2. No surprises, this is a really good post. A few thoughts:

1. I feel like some of this vectorized/devectorized noise is driven in part by an excessive emphasis on microbenchmarks. Your mileage may vary, but it’s pretty rare for a vectorized operation to be the bottleneck in my real-world code, enough so to make devectorizing worth it. Obviously, that’s a generalization, but I feel like this problem is more likely to show up in microbenchmarking exercises than in practice.

2. As such, I think it’s still an open question as to what coding style is preferred when performance concerns are absent. You refer to vectorized functions as a “convenient prototype” used “only for readability.” Maybe I’m misreading you here, but I thnk this gives short shrift to the non-performance benefits of vectorized code. “Readability” is highly correlated with correctness and maintainability. Devectorized code can be hard to interpret and easy to introduce bugs into.
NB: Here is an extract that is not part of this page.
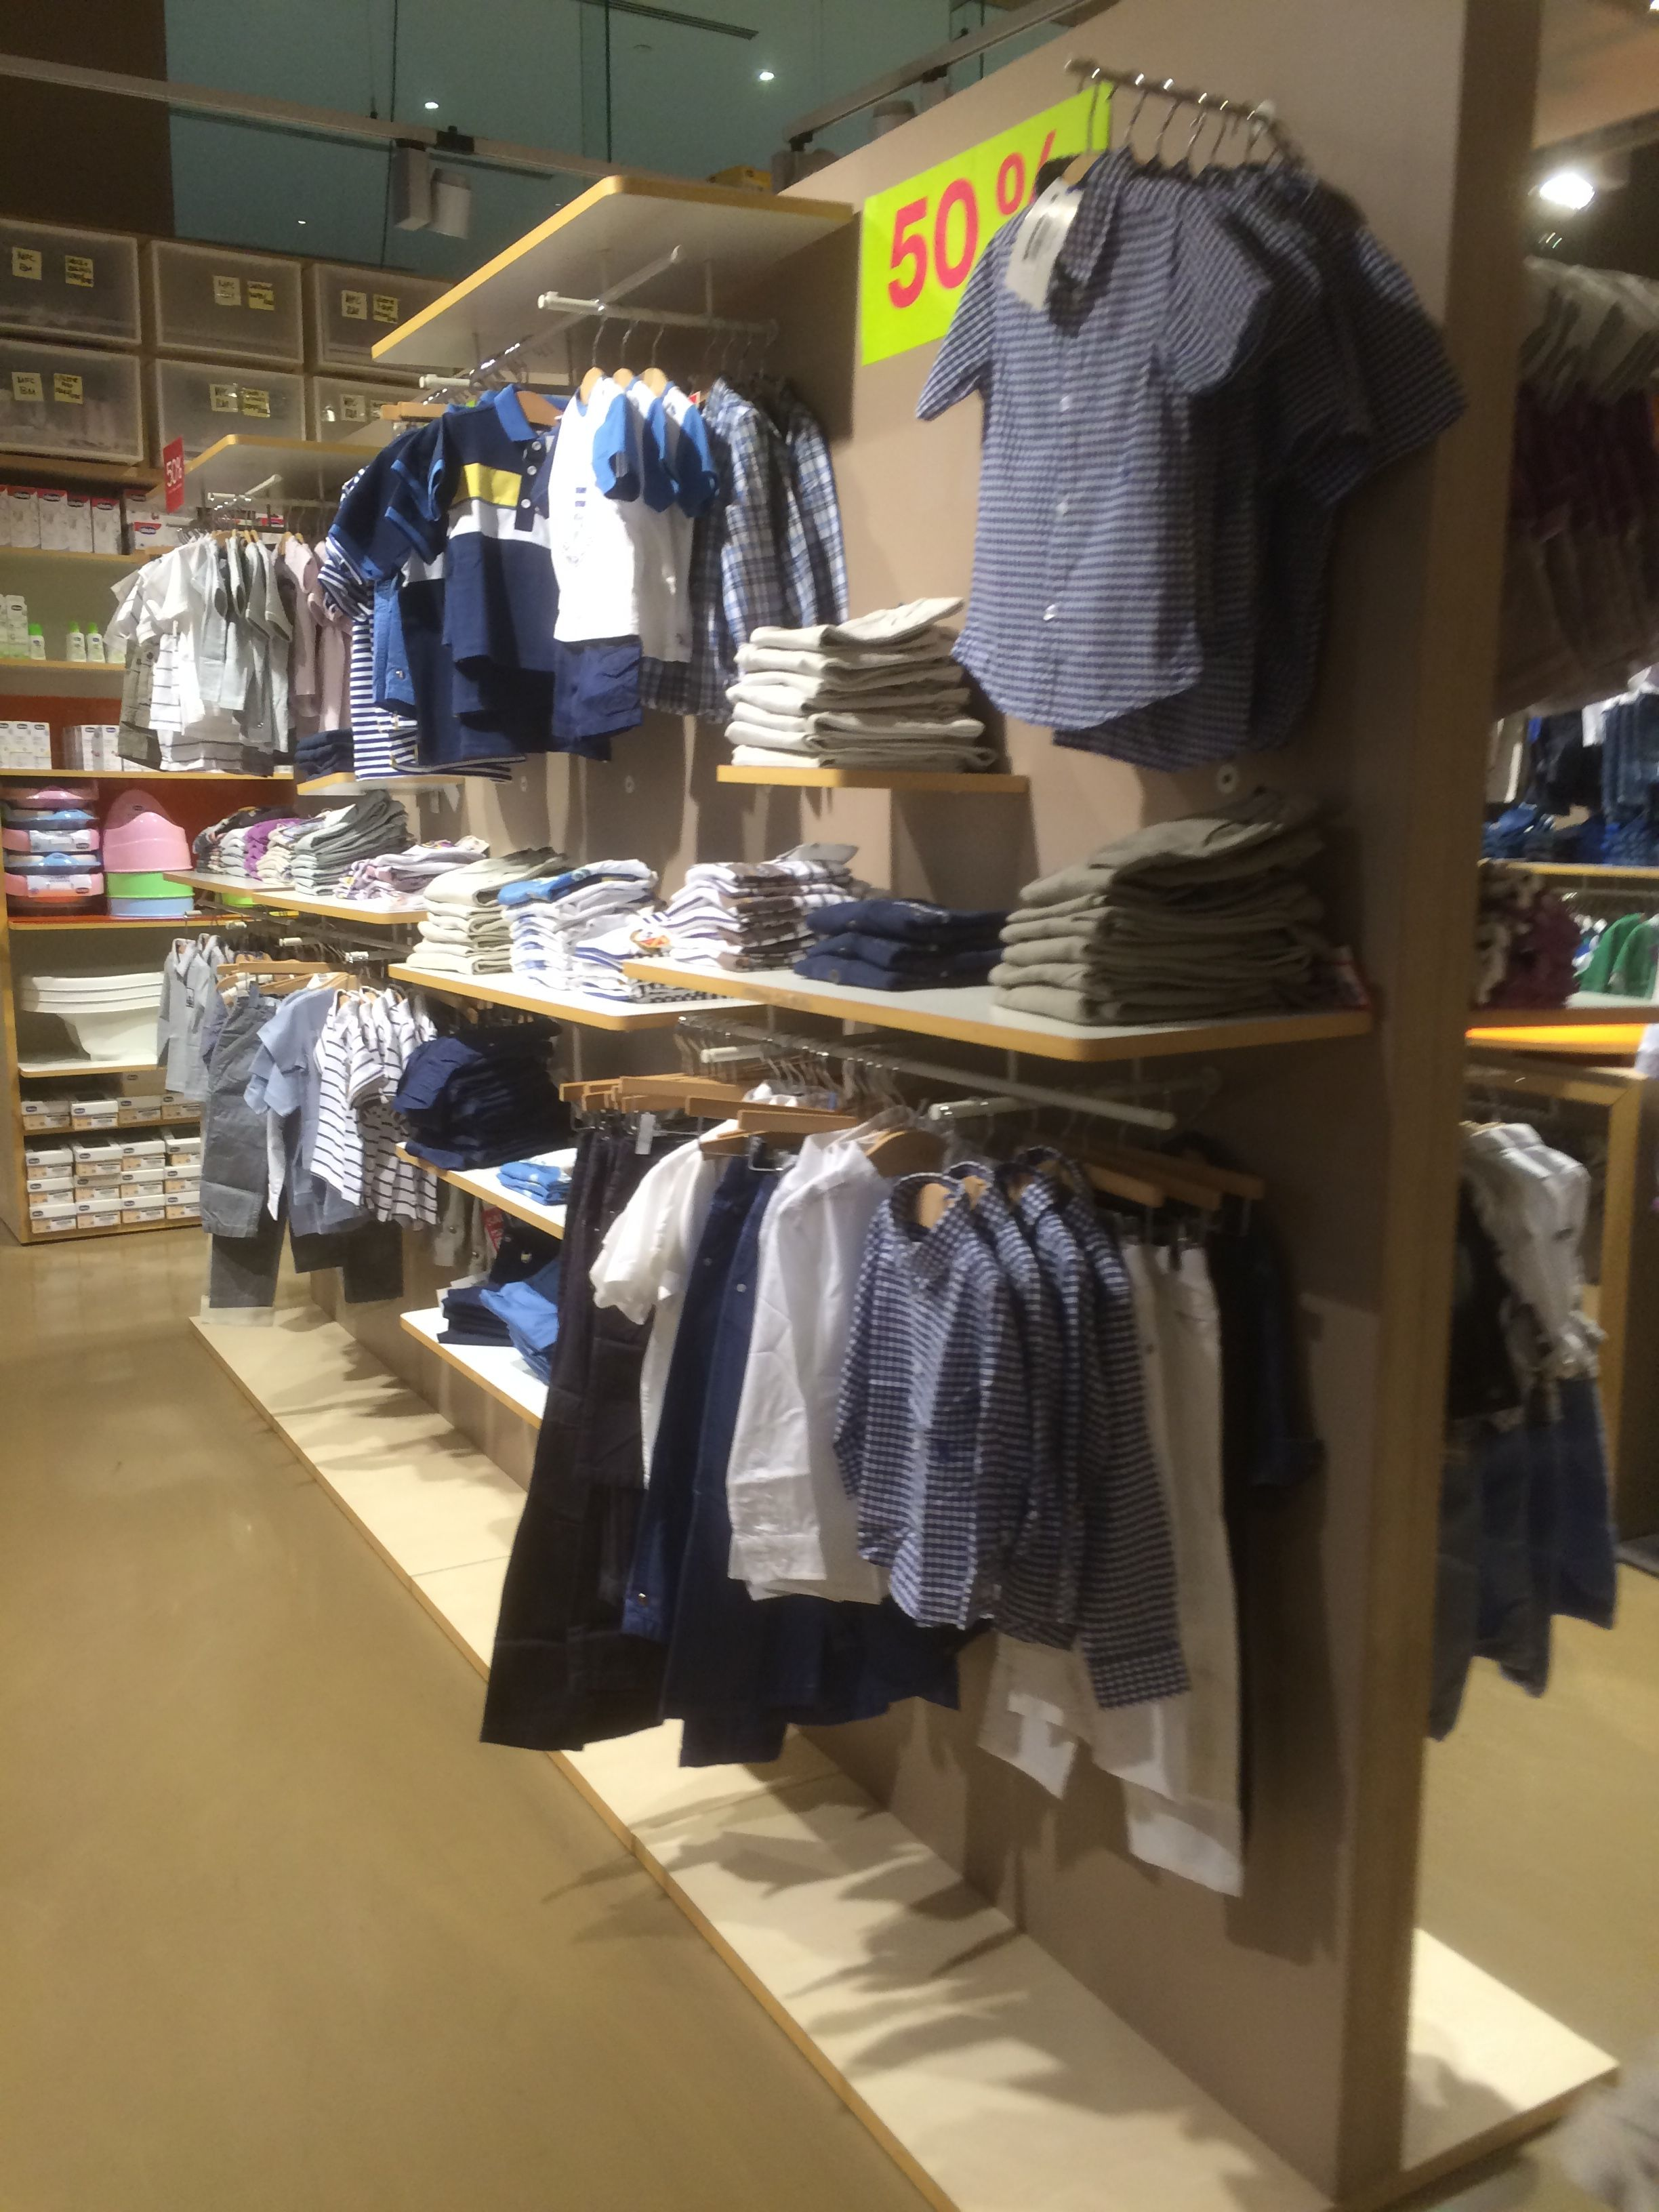 e61ef59df8c46 Chicco - UAE - Dubai Mall - Dubai - Baby - Layout - Landscape - Lifestyle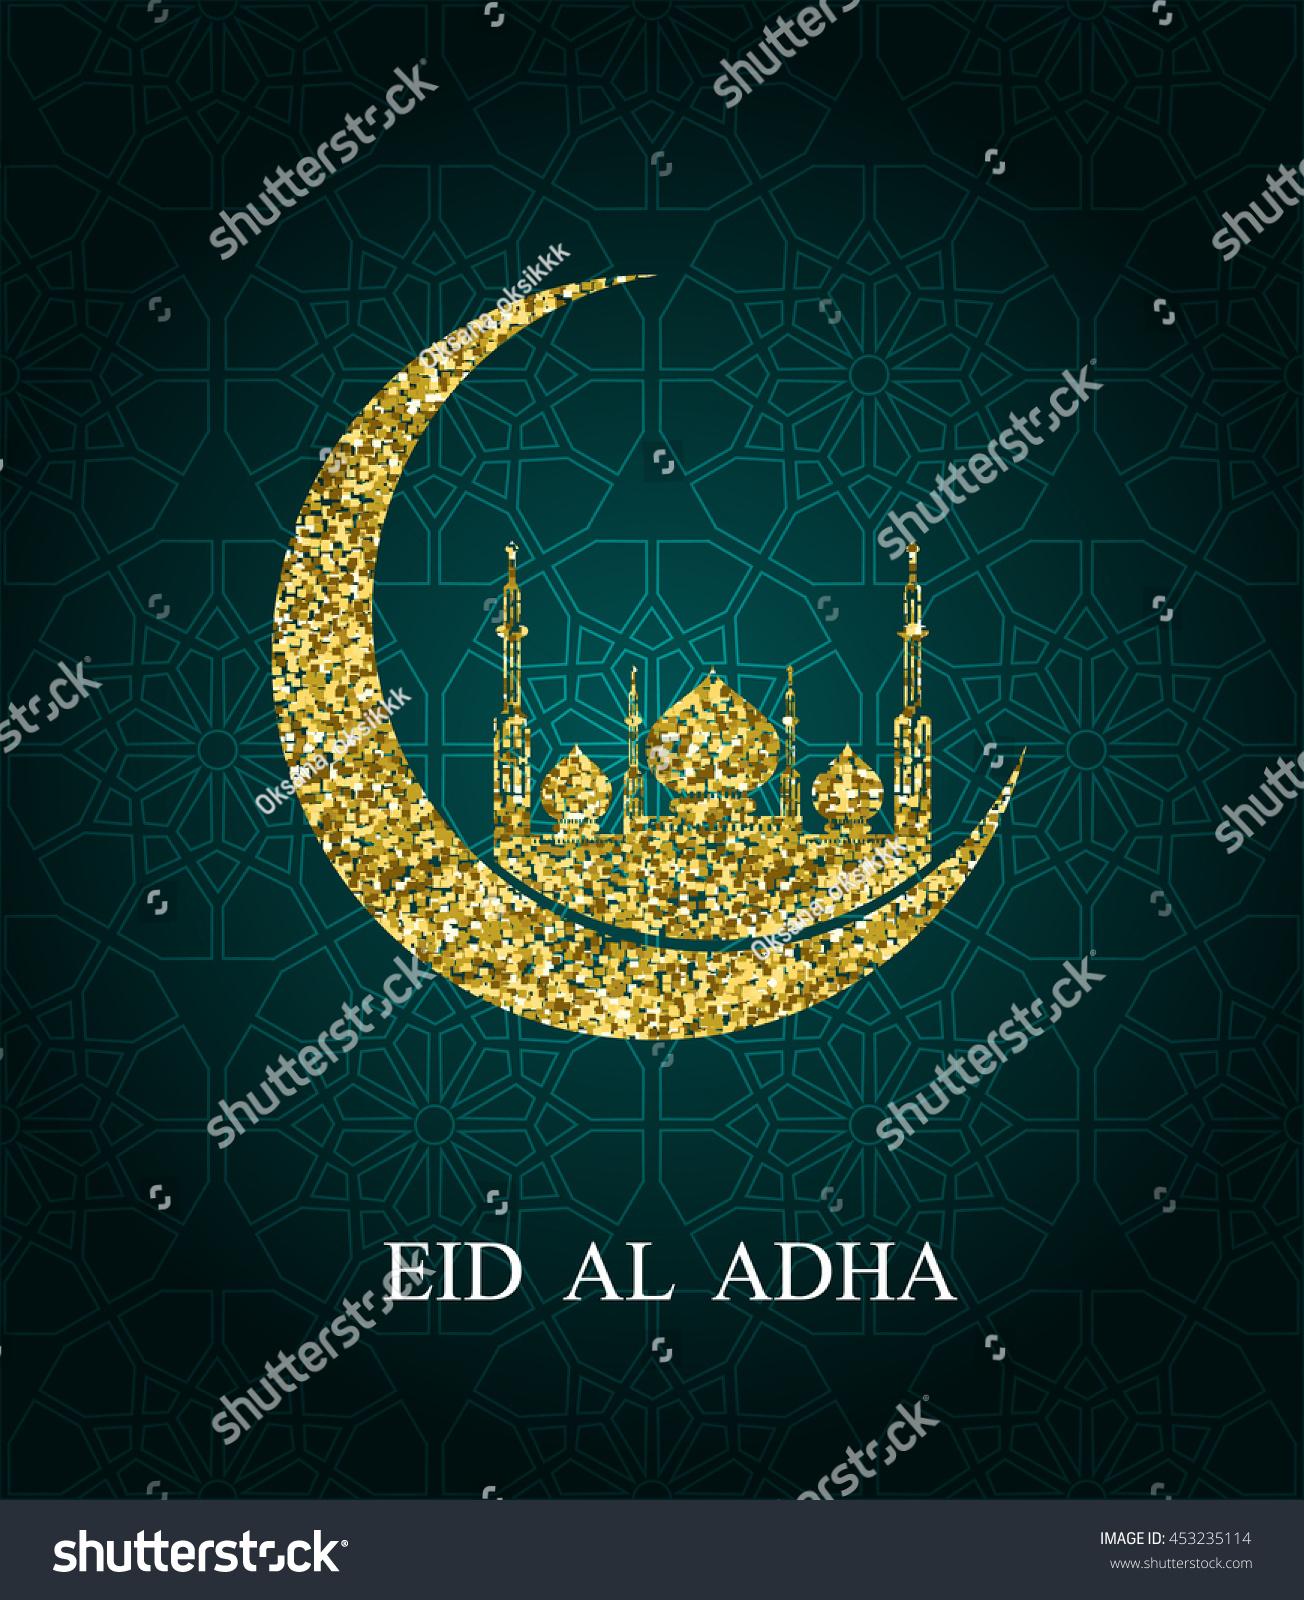 Eid Al Adha Greeting Card Eid Stock Illustration 453235114

But I have some sense that many Julia programmers are going to instinctively write imperative loops by default as a kind of premature optimization (and because of habits carried over from other languages).

3. Your point about compilation challenges with vectorized code is super important. Ultimately, wouldn’t we like to have the best of both world—by having either a set of best practices for compiler-friendly vectorized code; or even explicit language features for providing hints to the compiler about how to deal with vectorized operations, and what sort of work it can avoid in memory allocation/copying/temporary arrays, etc.?

The goal, I think, is to be able to write code mainly for humans, but with asides to the compiler that don’t overwhelm the declarative content of the code. I think the practice of continuously devolving one’s code into assembly is one that should be undertaken very reservedly.